Image /page/0/Picture/1 description: The image contains the logo of the U.S. Food and Drug Administration (FDA). The logo consists of two parts: the Department of Health & Human Services logo on the left and the FDA logo on the right. The FDA logo features the letters 'FDA' in a blue square, followed by the words 'U.S. FOOD & DRUG' in blue, with 'ADMINISTRATION' written below in a smaller font.

Orthofix SRL % Cheryl Wagoner Consultant Wagoner Consulting LLC PO Box 15729 Wilmington, North Carolina 28408

Re: K210157

Trade/Device Name: SOLE™ Medial Column Fusion Plate Regulation Number: 21 CFR 888.3030 Regulation Name: Single/Multiple Component Metallic Bone Fixation Appliances And Accessories Regulatory Class: Class II Product Code: HRS. HWC Dated: January 21, 2021 Received: January 21, 2021

Dear Cheryl Wagoner:

We have reviewed your Section 510(k) premarket notification of intent to market the device referenced above and have determined the device is substantially equivalent (for the indications for use stated in the enclosure) to legally marketed predicate devices marketed in interstate commerce prior to May 28, 1976, the enactment date of the Medical Device Amendments, or to devices that have been reclassified in accordance with the provisions of the Federal Food, Drug, and Cosmetic Act (Act) that do not require approval of a premarket approval application (PMA).

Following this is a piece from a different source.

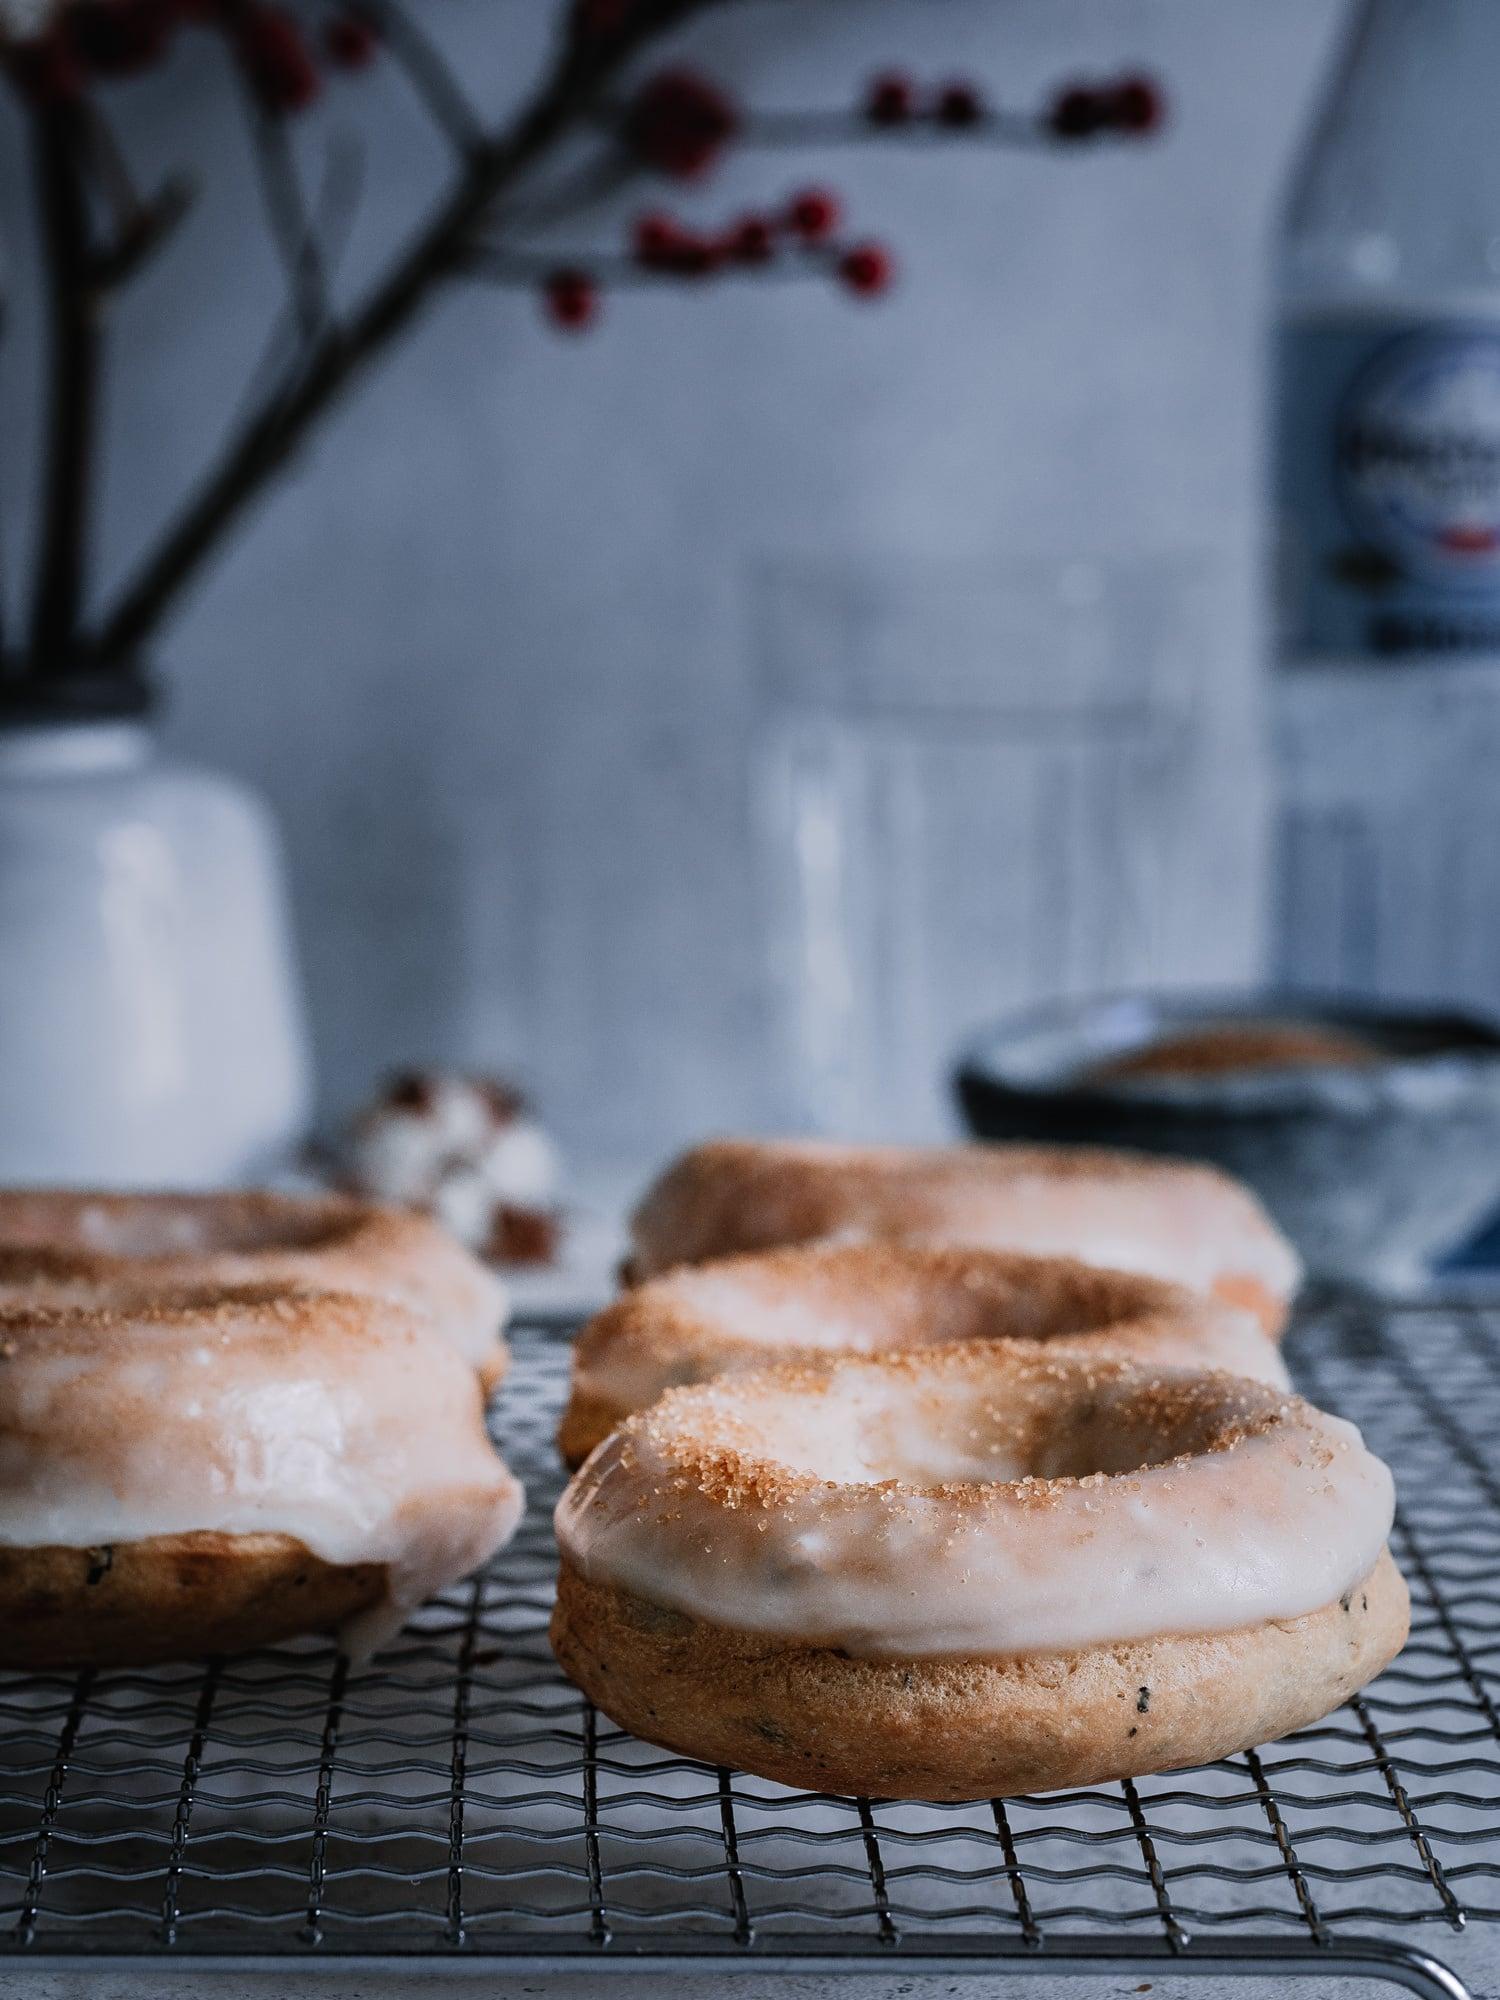 vegane Donuts frisch aus dem Ofen

You may, therefore, market the device, subject to the general controls provisions of the Act. Although this letter refers to your product as a device, please be aware that some cleared products may instead be combination products. The 510(k) Premarket Notification Database located at https://www.accessdata.fda.gov/scripts/cdrh/cfdocs/cfpmn/pmn.cfm identifies combination product submissions. The general controls provisions of the Act include requirements for annual registration, listing of devices, good manufacturing practice, labeling, and prohibitions against misbranding and adulteration. Please note: CDRH does not evaluate information related to contract liability warranties. We remind you, however, that device labeling must be truthful and not misleading.

If your device is classified (see above) into either class II (Special Controls) or class III (PMA), it may be subject to additional controls. Existing major regulations affecting your device can be found in the Code of Federal Regulations, Title 21, Parts 800 to 898. In addition, FDA may publish further announcements concerning your device in the Federal Register.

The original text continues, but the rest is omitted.